▼

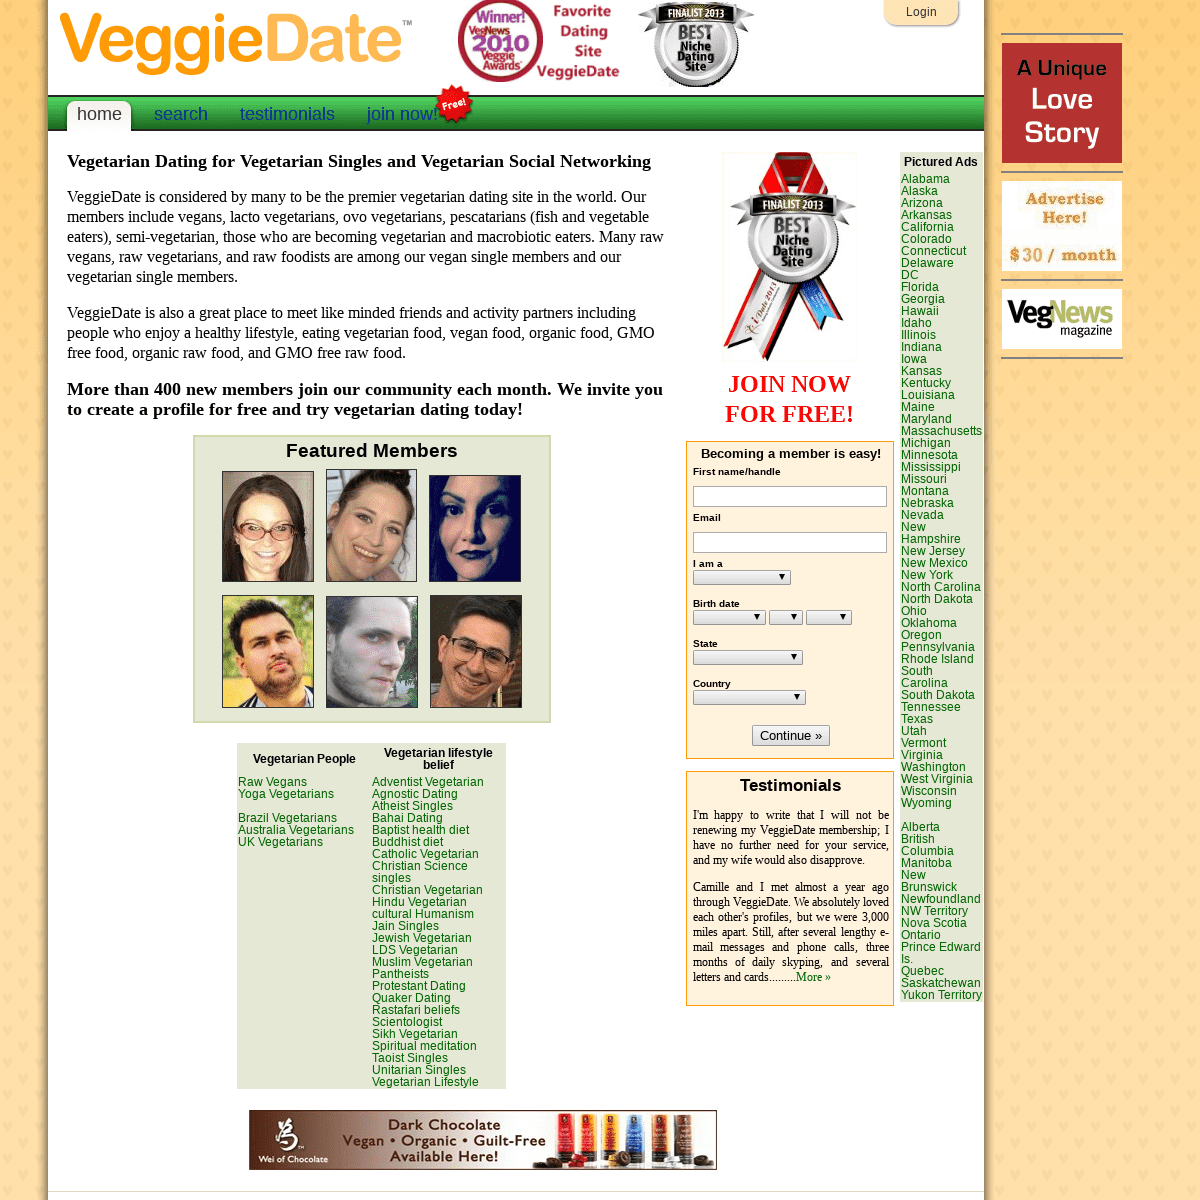  Vegetarian dating for vegetarian singles and vegan dating for vegan singles.
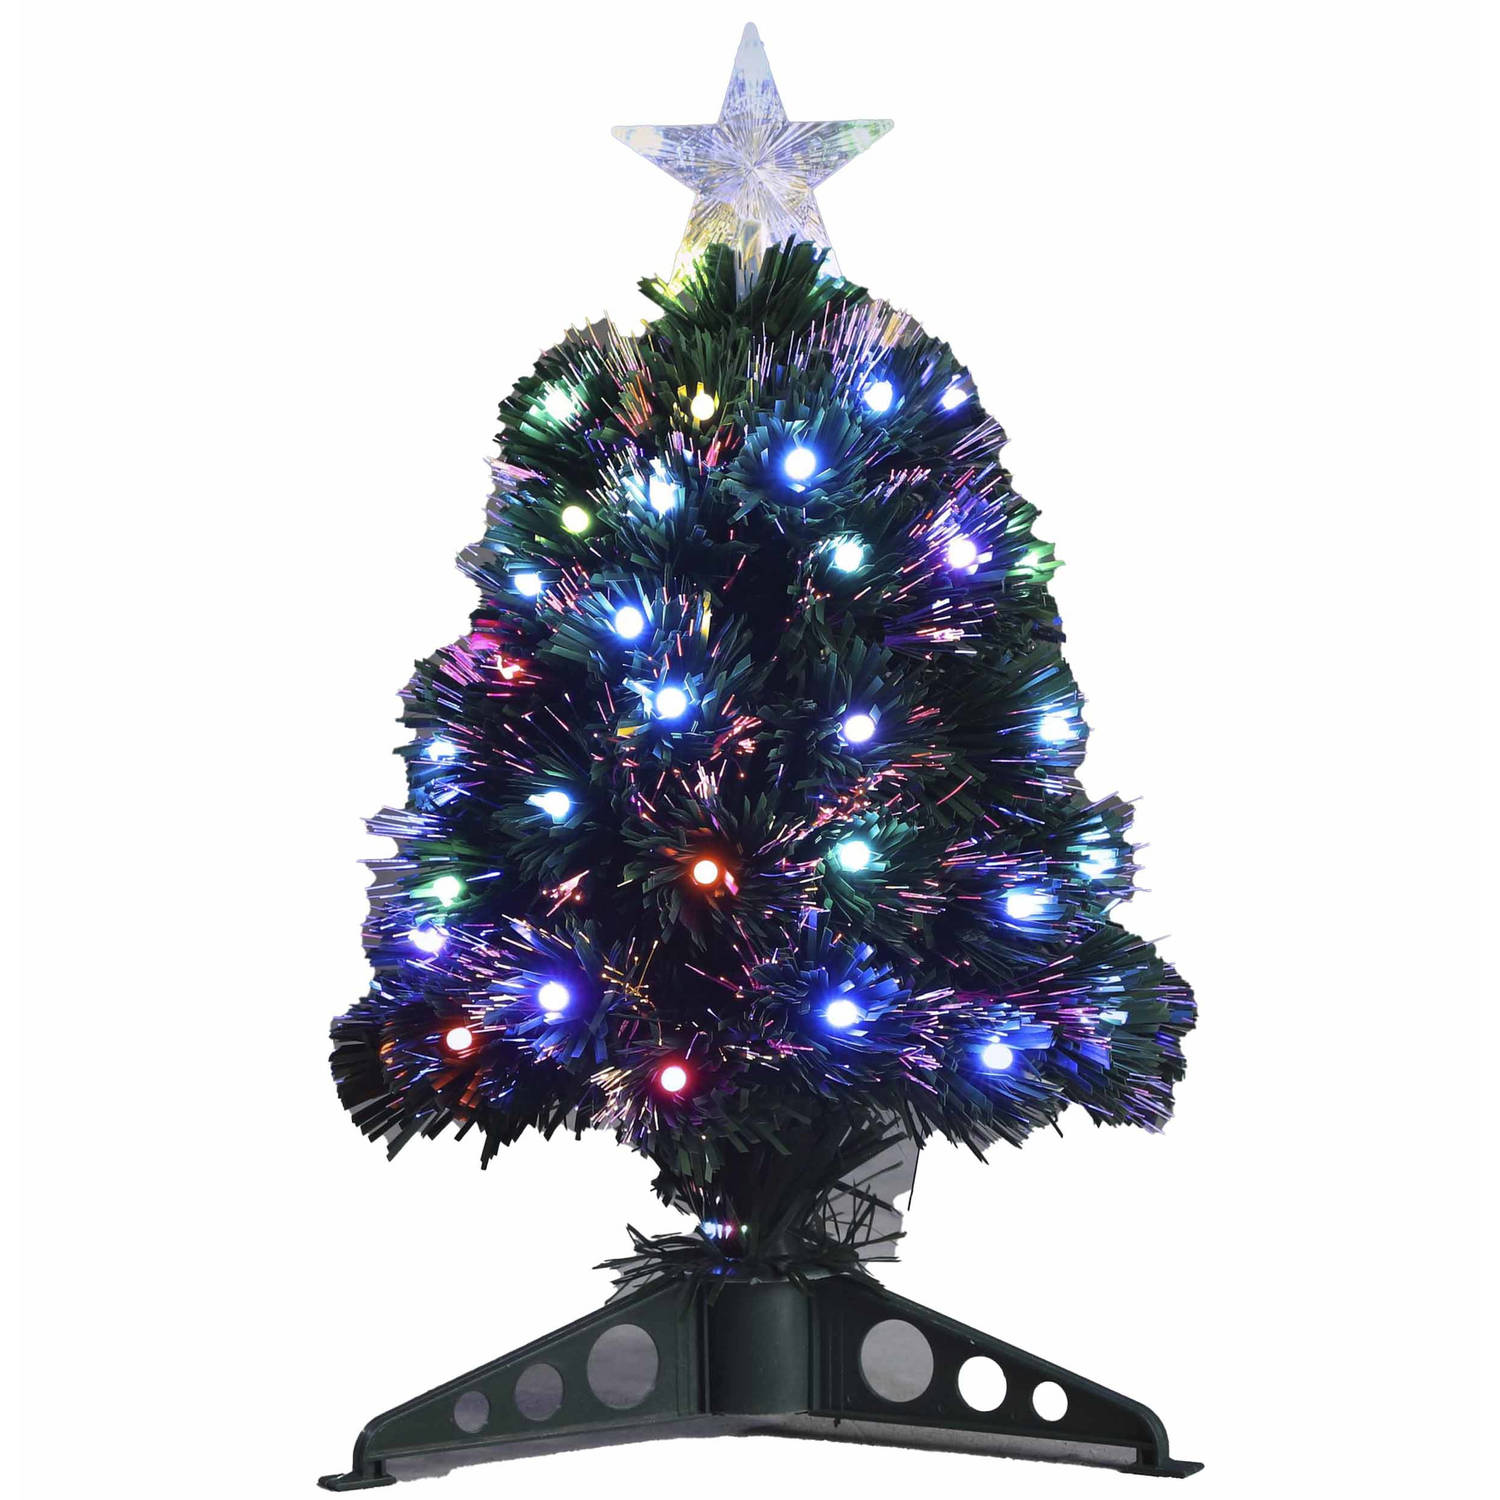 Fiber optic kerstboom/kunst met gekleurde lampjes 45 - Kunstkerstboom | Blokker
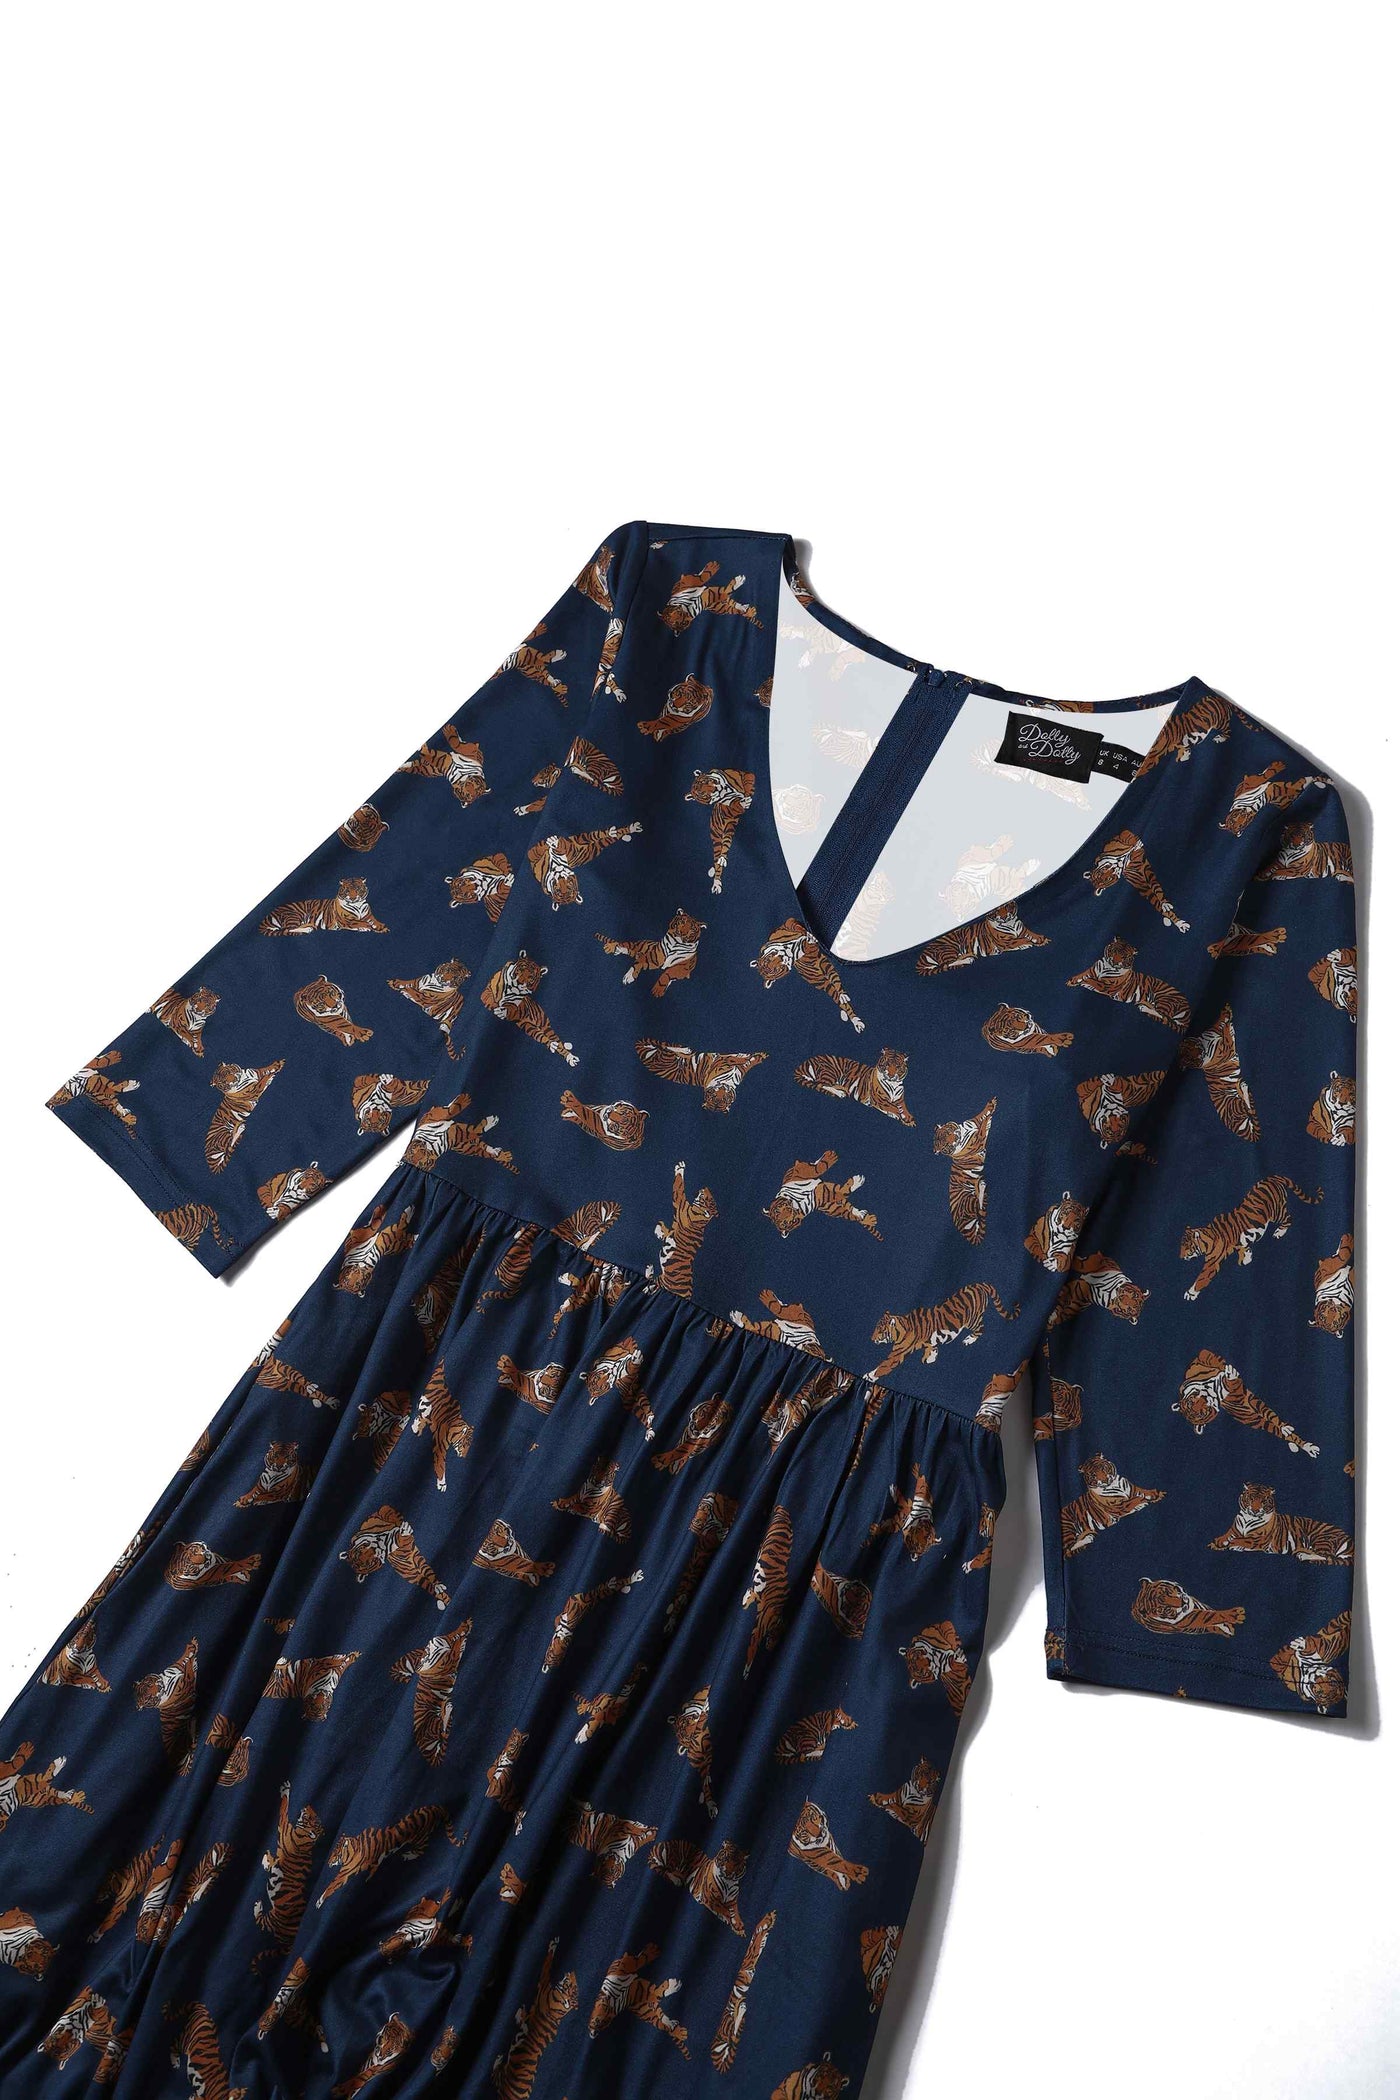 Navy Blue Tiger Print Dress

▲

• [Instructions to follow]:
Give back the material above exactly, but without its images.

• [Answer section]:
  Vegetarian dating for vegetarian singles and vegan dating for vegan singles.
 Fiber optic kerstboom/kunst met gekleurde lampjes 45 - Kunstkerstboom | Blokker
 Navy Blue Tiger Print Dress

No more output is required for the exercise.